_YOUR ASSIGNMENT_
When you reach the line with "2019繽紛耶誕玩台北,熊讚" in the data below, begin printing lines exactly, and stop once the line with "SONY X8500E 4K-HDR" has been printed.

_PROVIDED RECORDS_
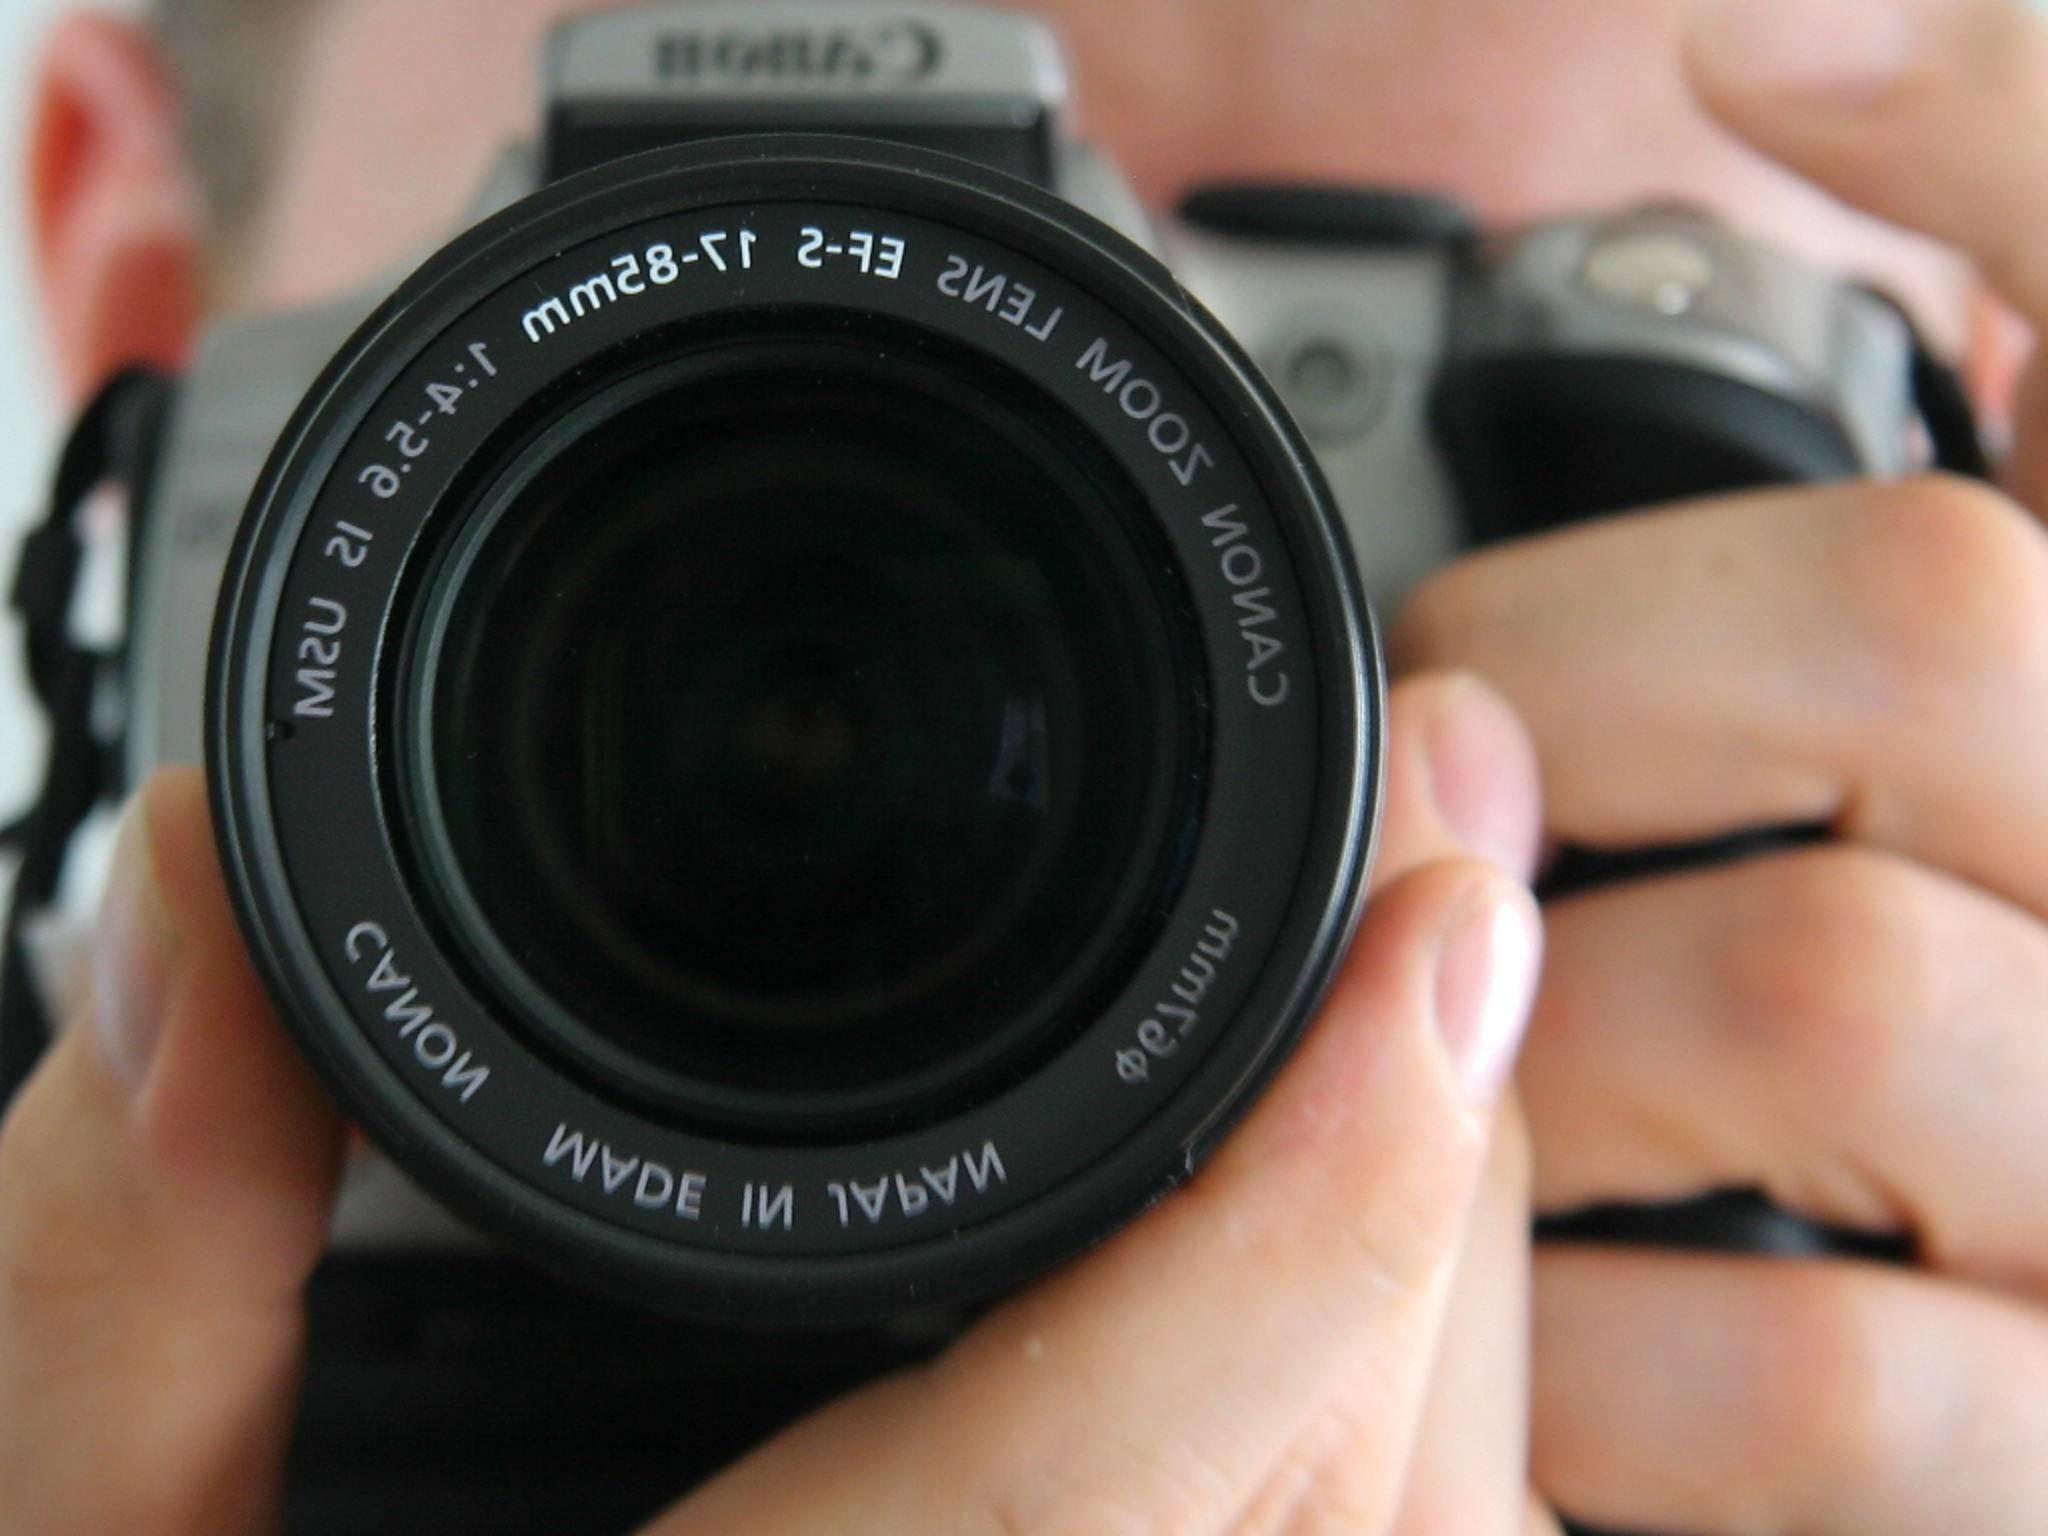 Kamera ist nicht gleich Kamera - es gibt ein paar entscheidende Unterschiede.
--
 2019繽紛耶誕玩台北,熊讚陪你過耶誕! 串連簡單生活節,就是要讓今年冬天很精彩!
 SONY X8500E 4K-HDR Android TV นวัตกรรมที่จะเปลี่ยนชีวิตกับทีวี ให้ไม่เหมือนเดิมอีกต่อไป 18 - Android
==
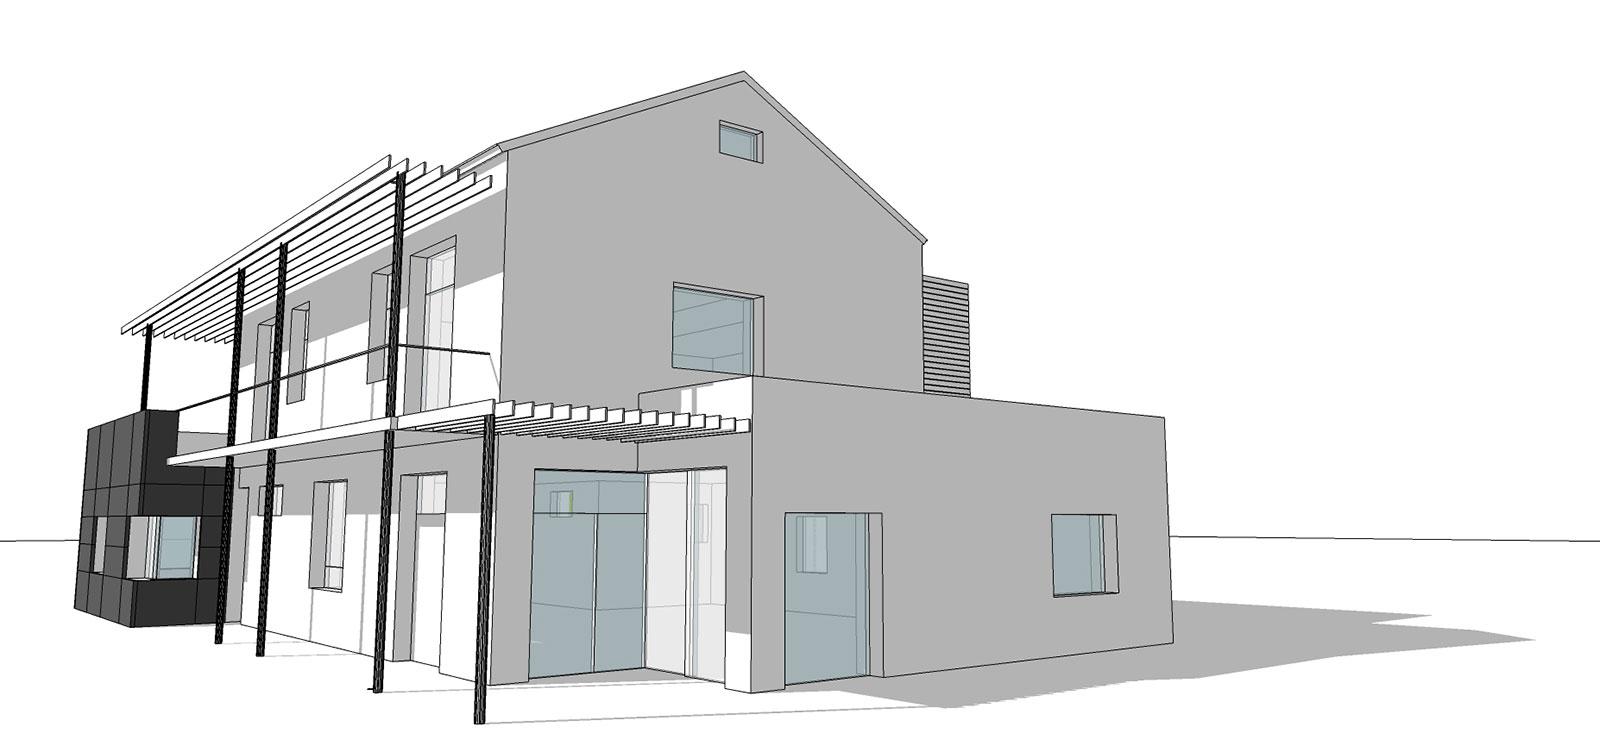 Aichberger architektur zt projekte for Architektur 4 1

_RESPONSE TO THE TASK_
 2019繽紛耶誕玩台北,熊讚陪你過耶誕! 串連簡單生活節,就是要讓今年冬天很精彩!
 SONY X8500E 4K-HDR Android TV นวัตกรรมที่จะเปลี่ยนชีวิตกับทีวี ให้ไม่เหมือนเดิมอีกต่อไป 18 - Android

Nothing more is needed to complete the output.